I am new to regex using Python. Now I have got a question like:
myTry=['a bb Aas','aa 1 Aasdf','aa bb (cc) AA','aaa ASD','aa . ASD','aaaa 1 bb Aas']
What I want to find is the sub strings that before capitals (A in this example), it may include multiple words and () but not include numbers and .. So, in this example, The below strings in myTry should be detected:
'a bb Aas'
'aa bb (cc) AA'
'aaa ASD'
The result should be:
'a bb'
'aa bb (cc)'
'aaa'
I have no idea to use regex to define a pattern like 'include something and exclude something at the same time'.
especially the first and the last strings: 'a bb Aas' and 'aaaa 1 bb Aas'. I want the first one and I do not want the second one. But I do not know how many words would be and how many numbers would be in these words. But as long as there are numbers and . before capitals, I do not need them.
You can use two regex operations. The first filters out invalid results by matching on ^[a-zA-Z\s\(\)]*$
, and the second collects the desired substrings using a positive lookahead: .*?(?= [A-Z])
.
import re
my_try = ['a bb Aas','aa 1 Aasdf','aa bb (cc) AA','aaa ASD','aa . ASD','aaaa 1 bb Aas']

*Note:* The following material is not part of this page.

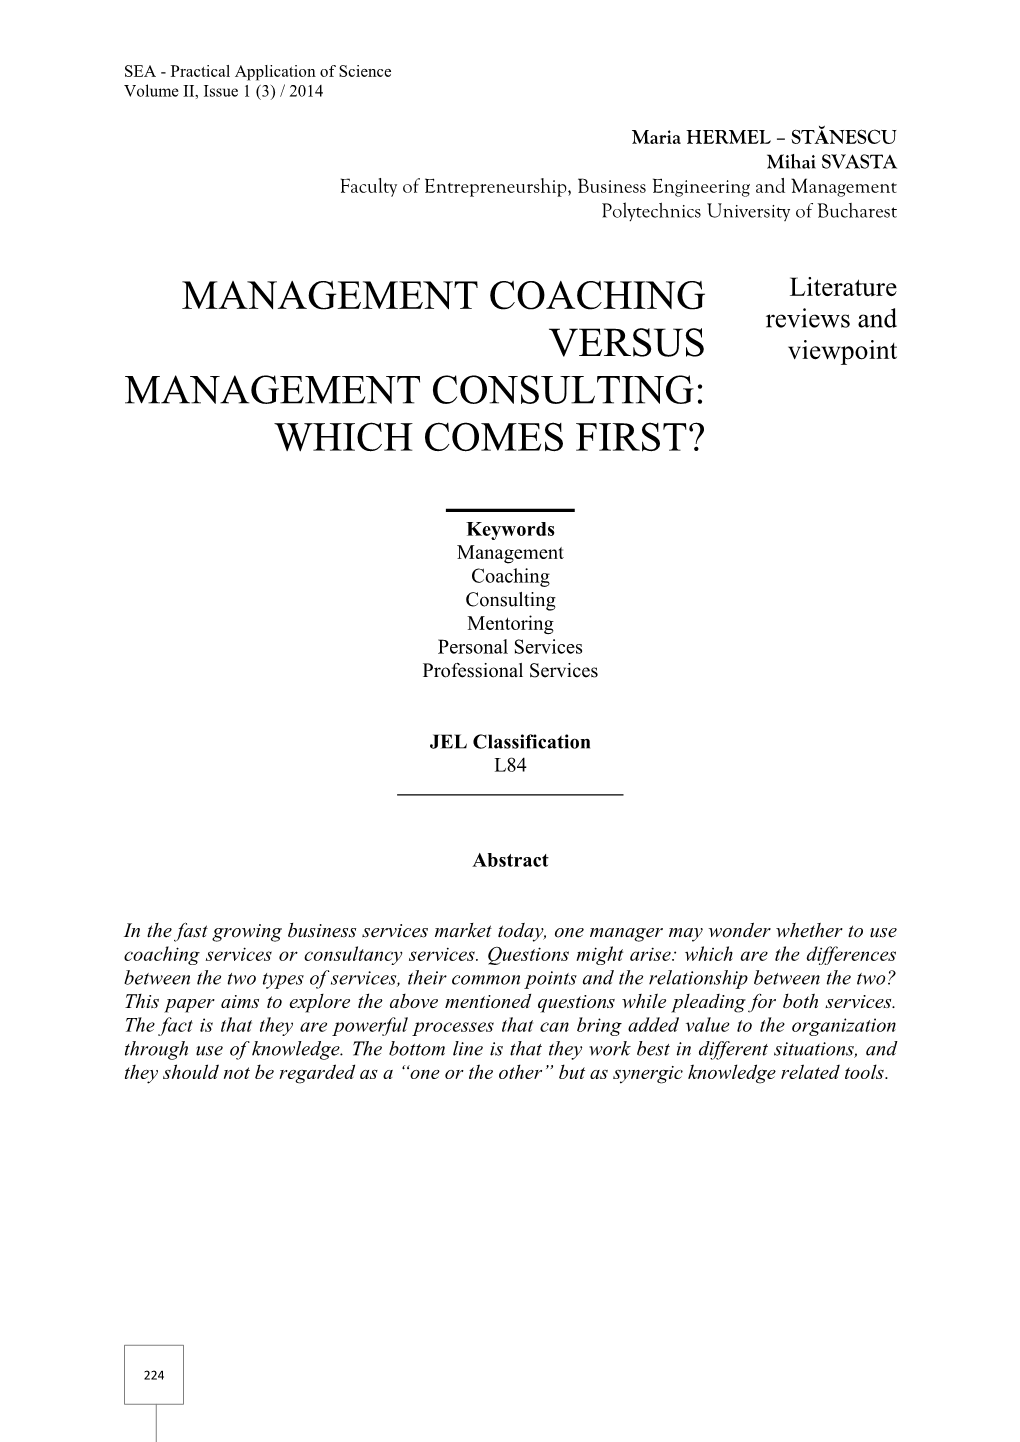 Management Coaching Versus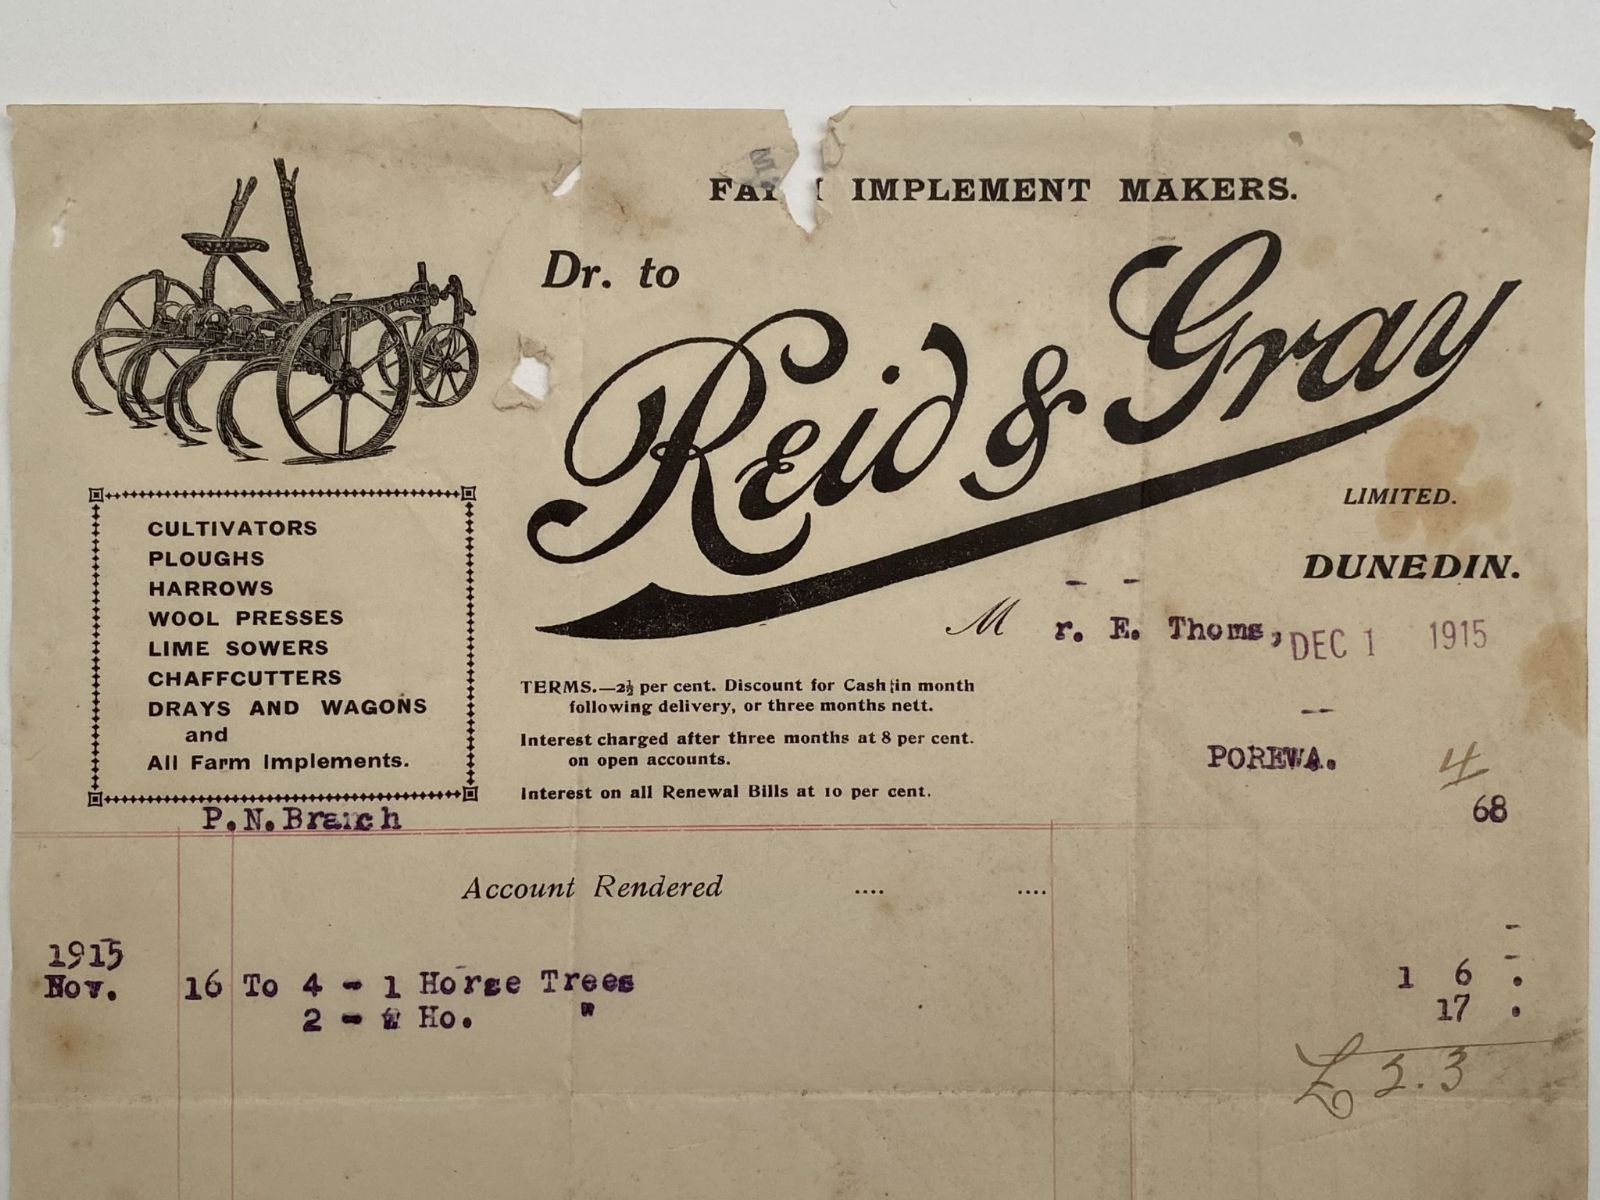 OLD INVOICE / RECEIPT: from Reid & Gray - Farm Implements, Dunedin 1915 (107 yo)

filtered = [x for x in my_try if re.match(r'^[a-zA-Z\s\(\)]*$', x)]
result = [re.match(r'.*?(?= [A-Z])', x).group(0) for x in filtered]
print(result) # => ['a bb', 'aa bb (cc)', 'aaa']
If you anticipate that some strings might pass the filter (that is, contain something other than alphabetical characters, parenthesis or whitespace), but might not match the lookahead, you'll need to filter the intermediate result:
import re
my_try = ['a bb Aas','aaa ASD','aa . ASD','aaaa 1 bb Aas', '']
# ^^ could cause problems
filtered = [x for x in my_try if re.match(r'^[a-zA-Z\s\(\)]*$', x)]
matches = [re.match(r'.*?(?= [A-Z])', x) for x in filtered]
result = [x.group(0) for x in matches if x]
print(result) # => ['a bb', 'aaa']